# [Given information]
>>>>>

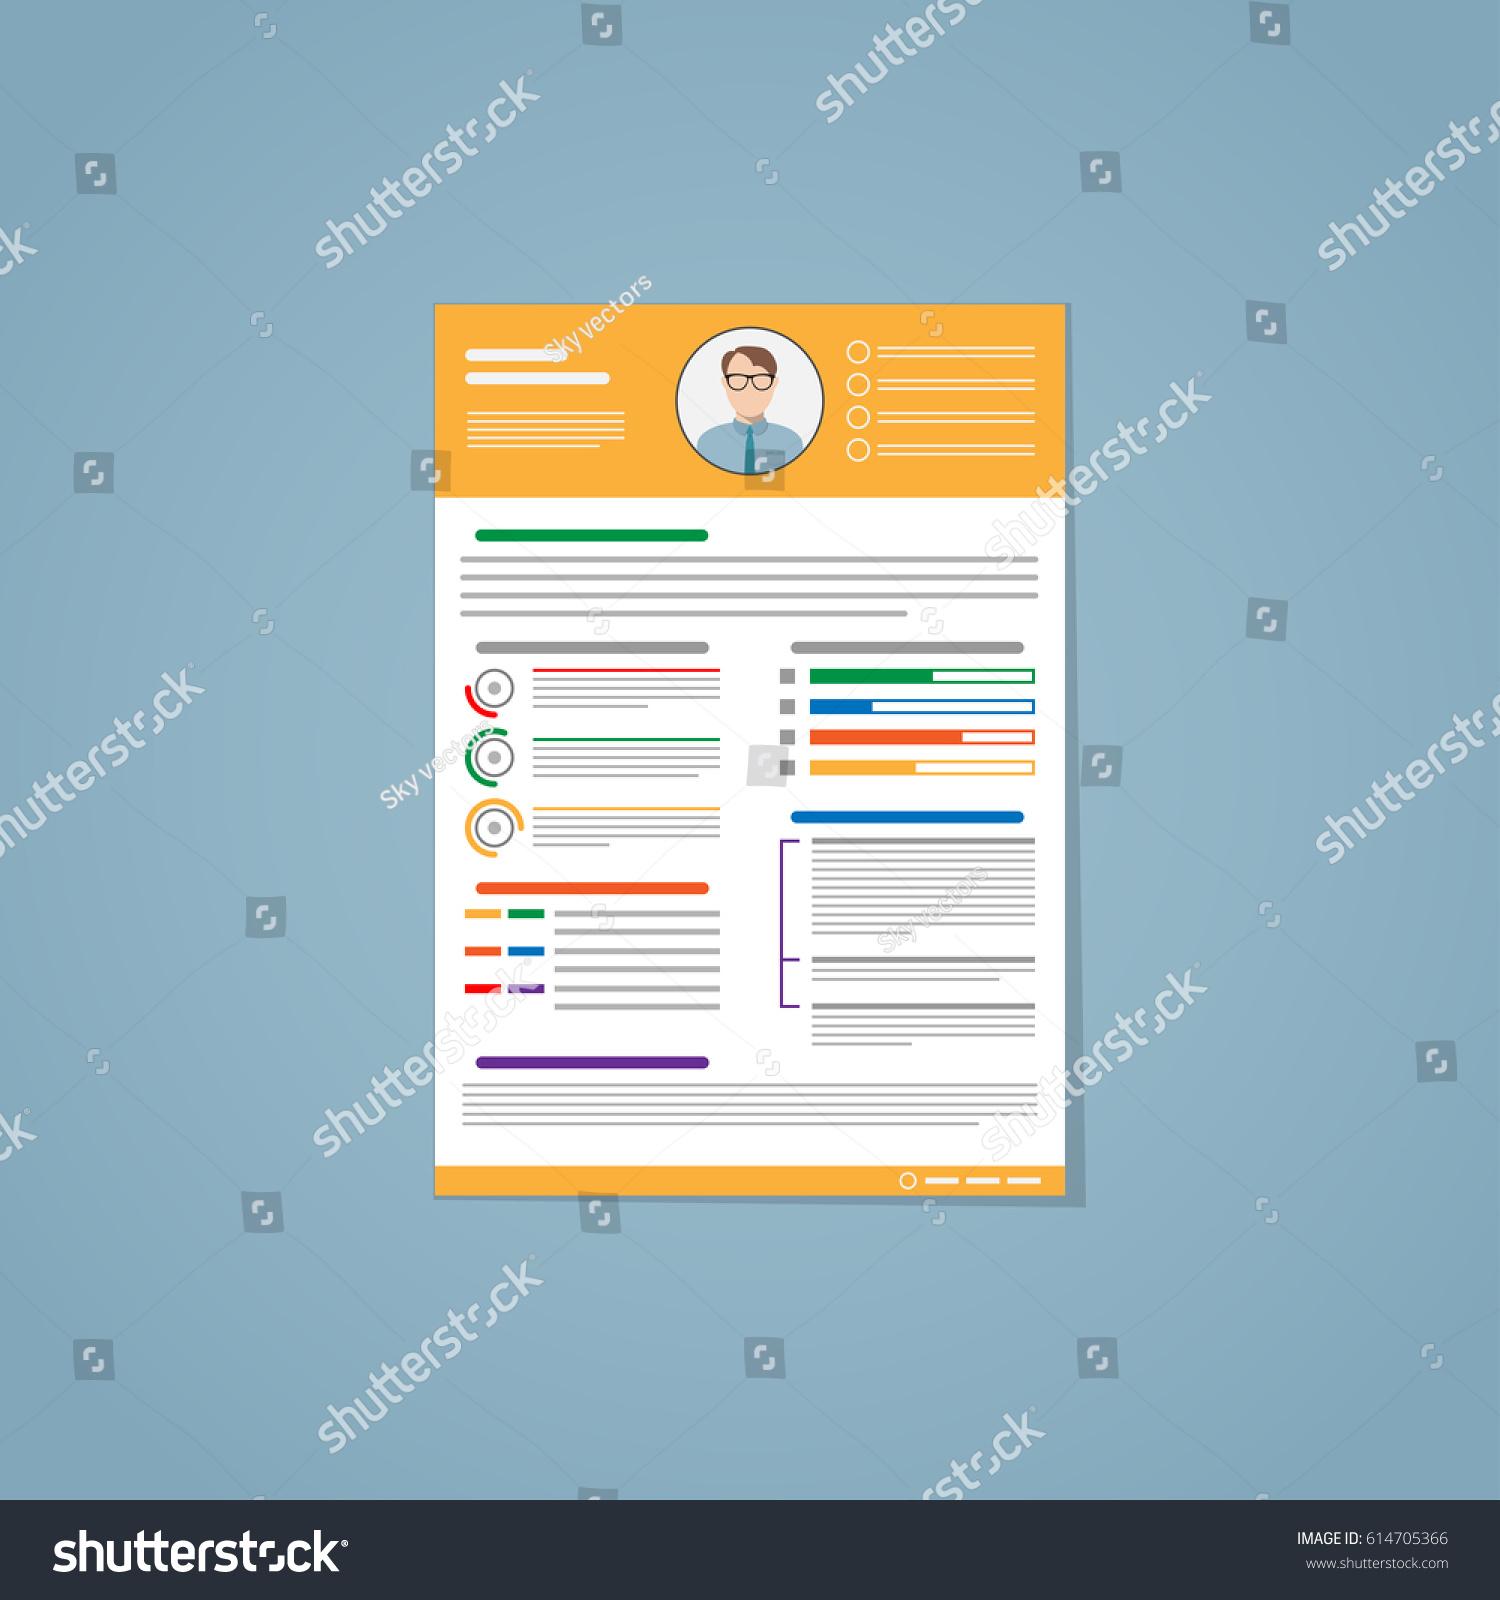 Resume Flat Style Yellow Lines Photo Stock Vector 614705366
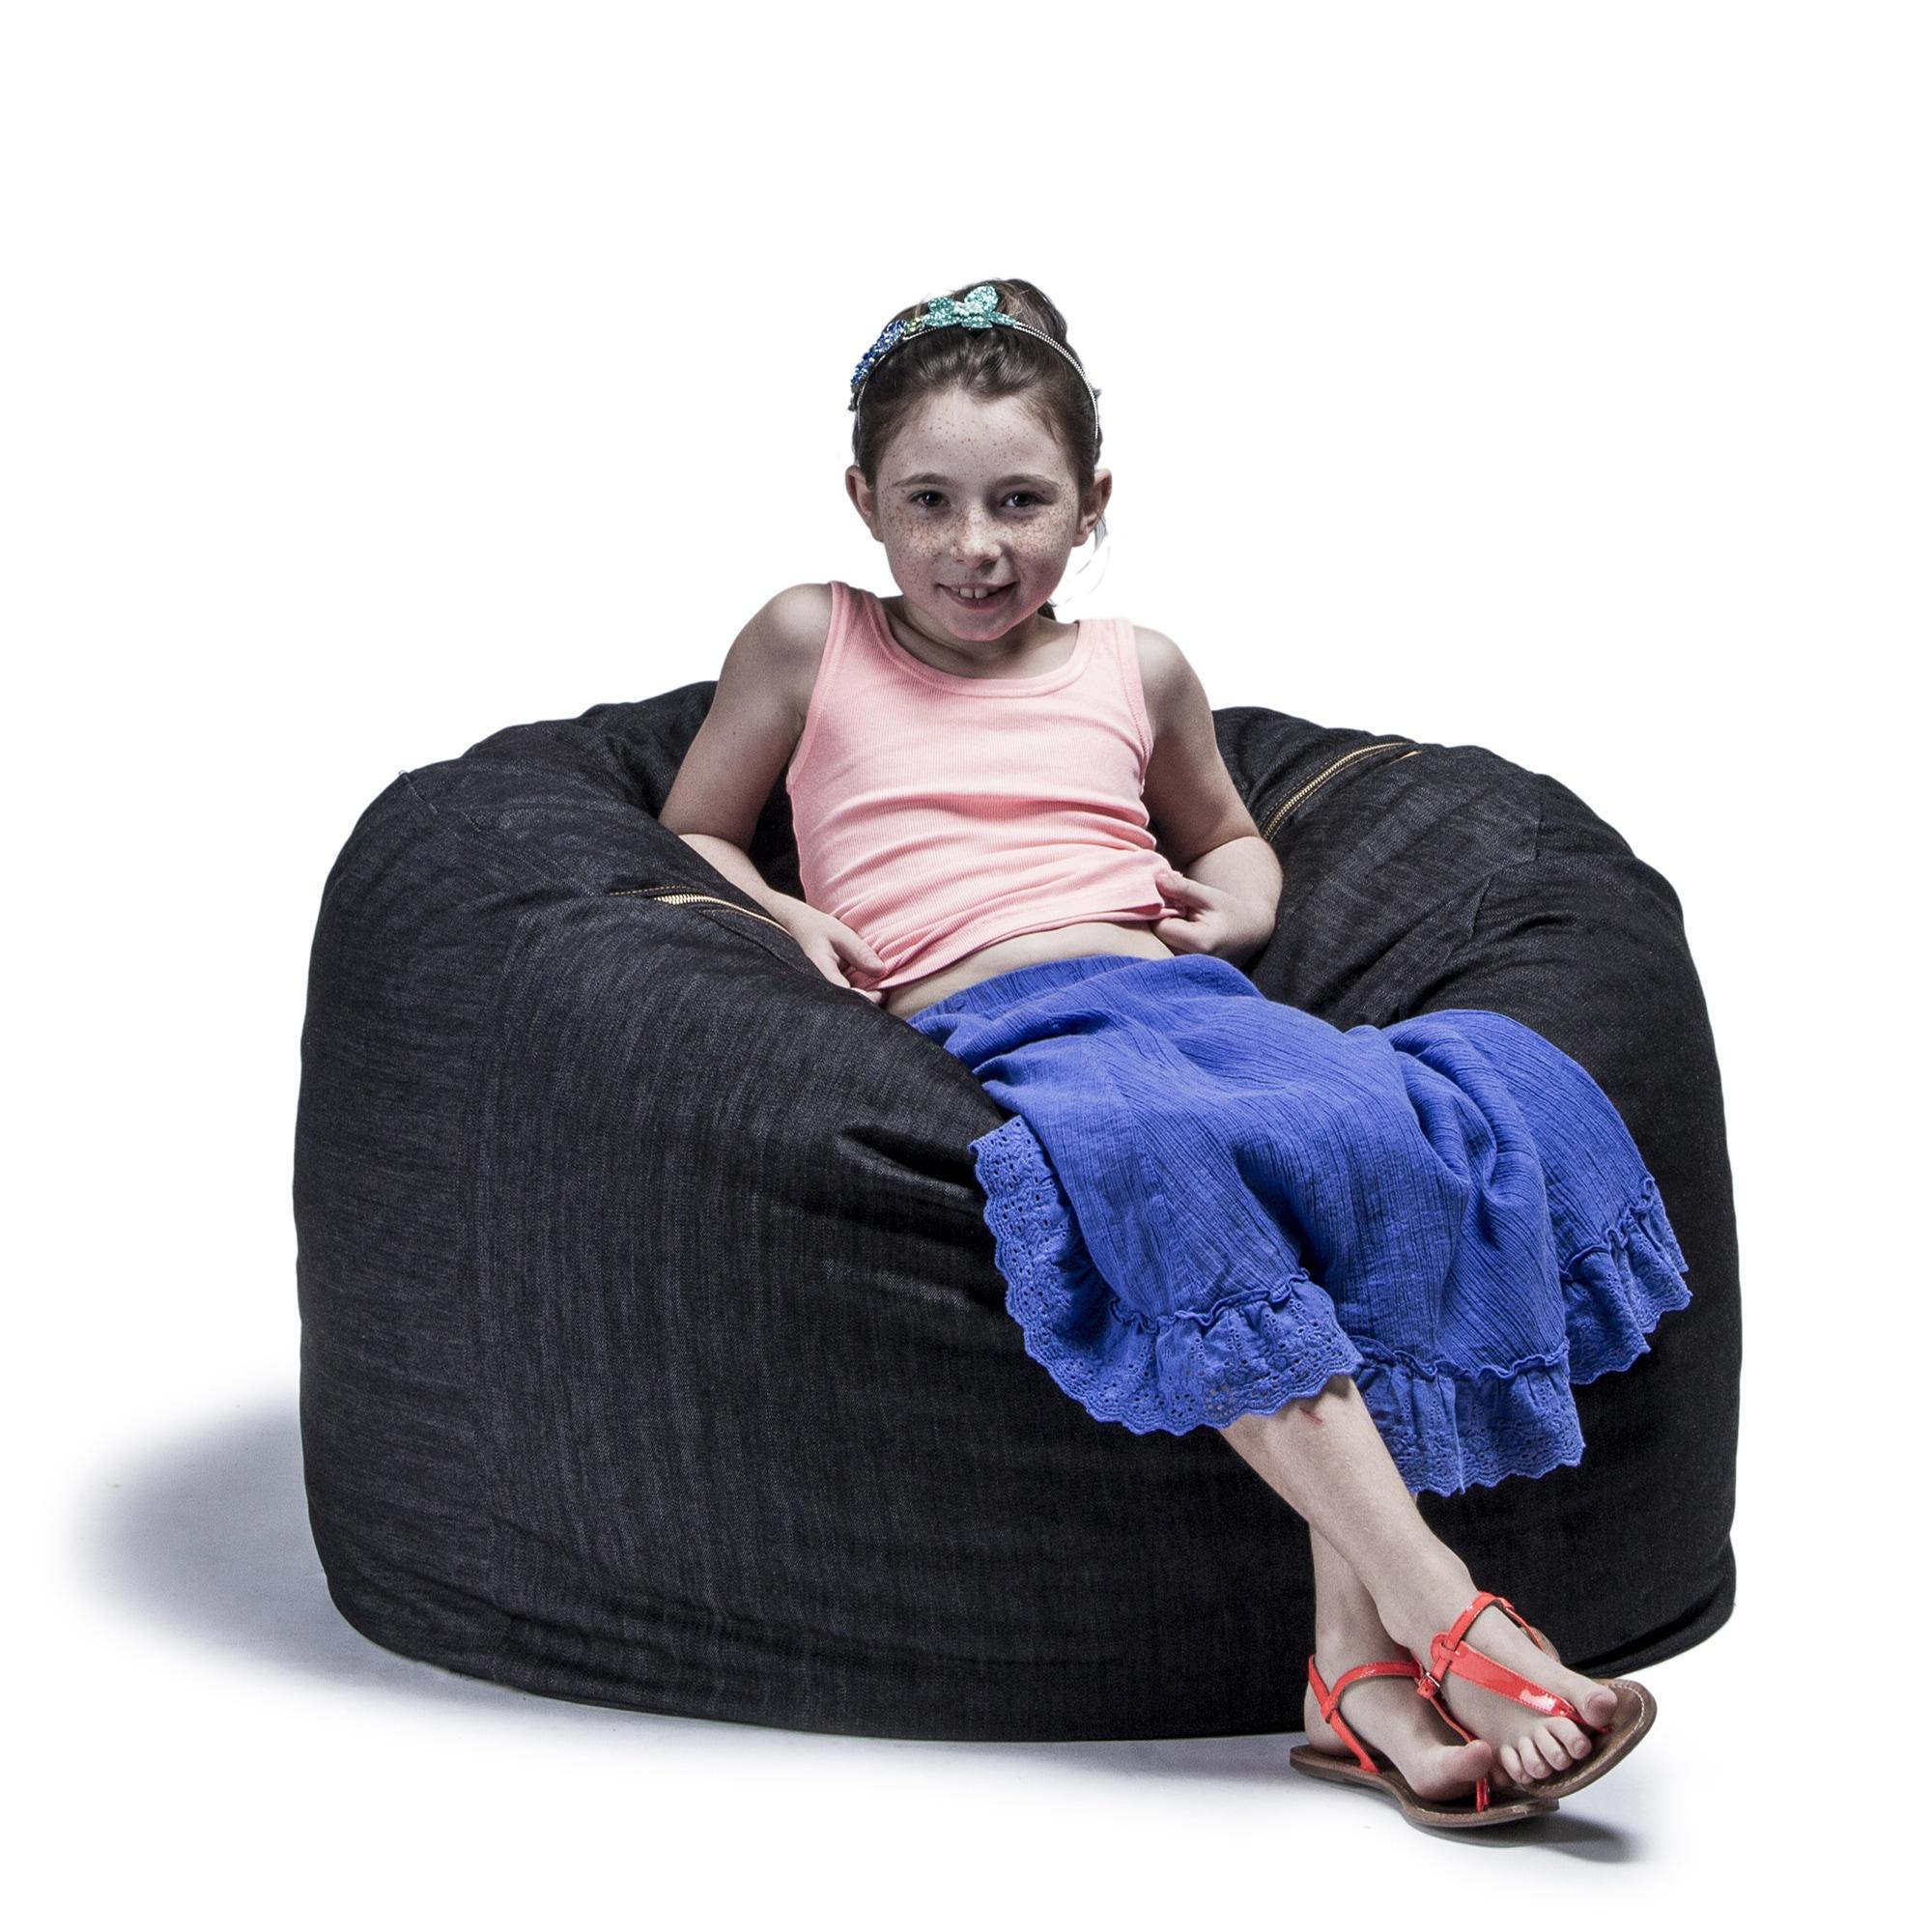 Denim Bean Bag Chair Shredded Foam Fill Seat Removable Cover Machine  Washable 3u0027
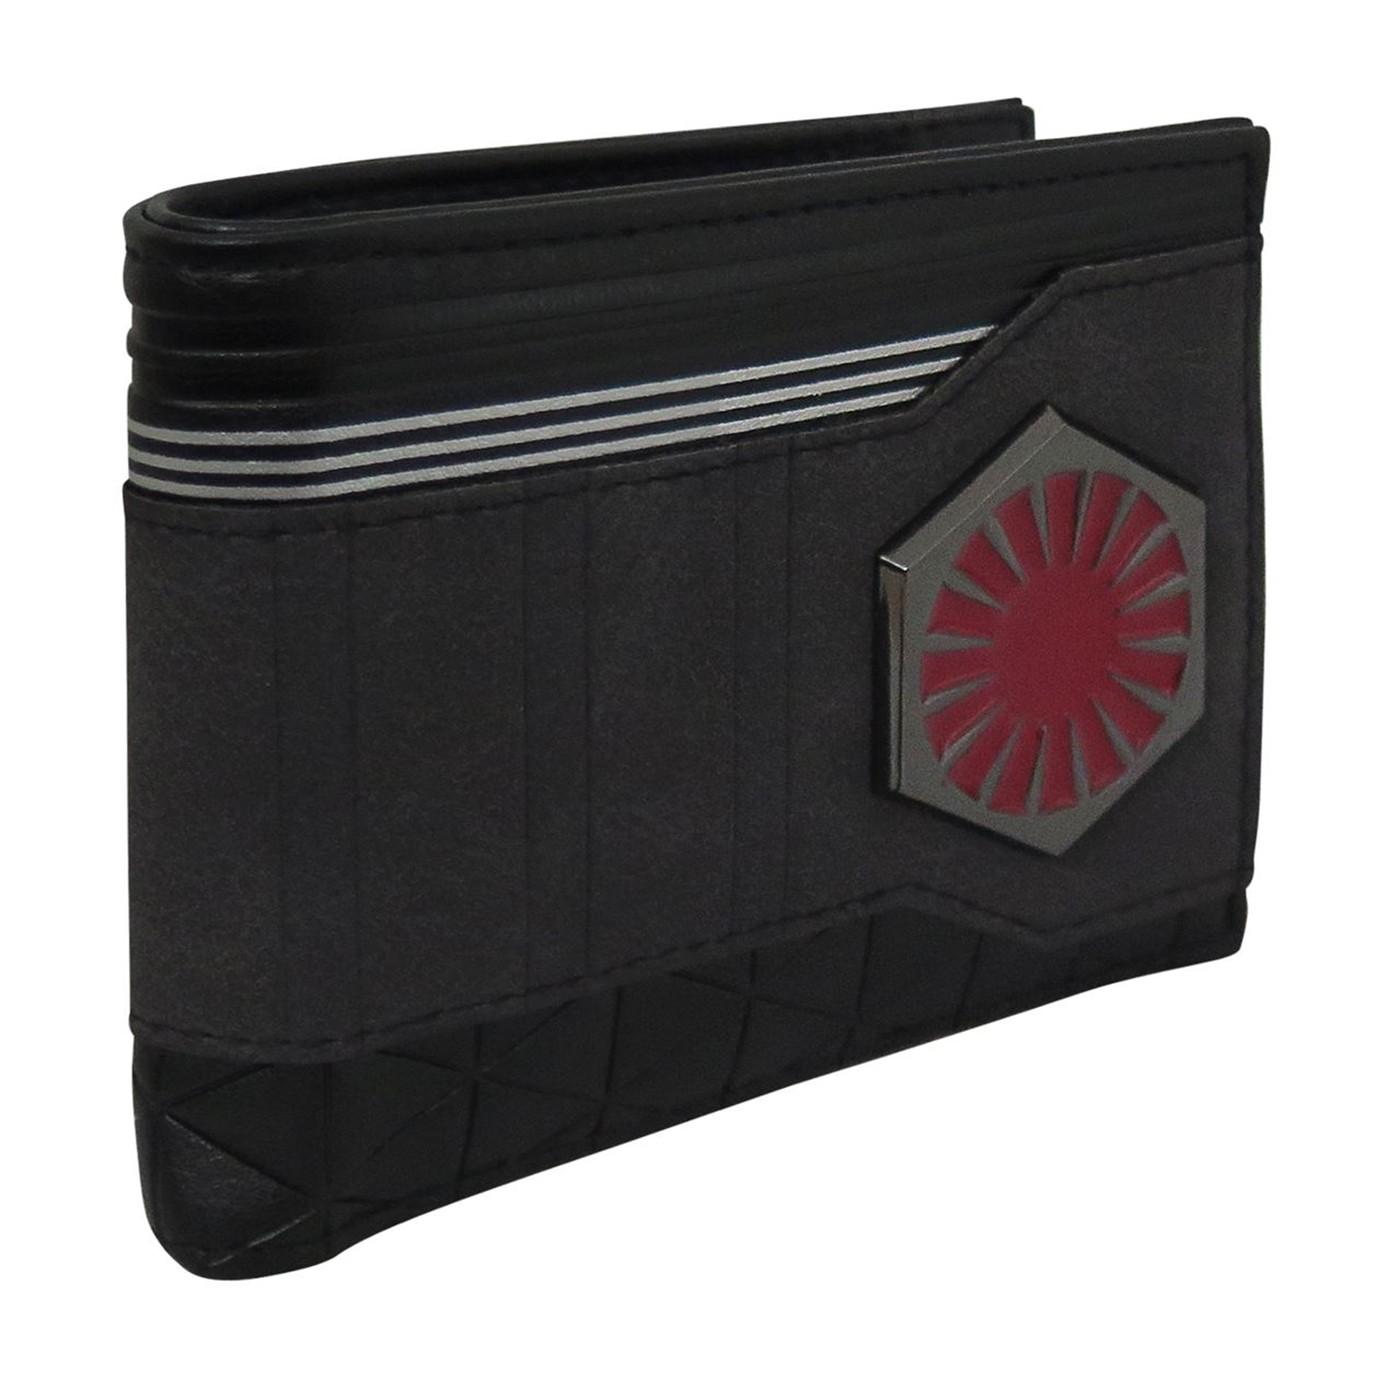 Star Wars Last Jedi First Order Men's Bi-Fold Wallet

<<<<<

# [What you are asked to do]
The material is to be reproduced verbatim, and no picture may appear in the copy.

# [Response to the task]
 Resume Flat Style Yellow Lines Photo Stock Vector 614705366
 Denim Bean Bag Chair Shredded Foam Fill Seat Removable Cover Machine  Washable 3u0027
 Star Wars Last Jedi First Order Men's Bi-Fold Wallet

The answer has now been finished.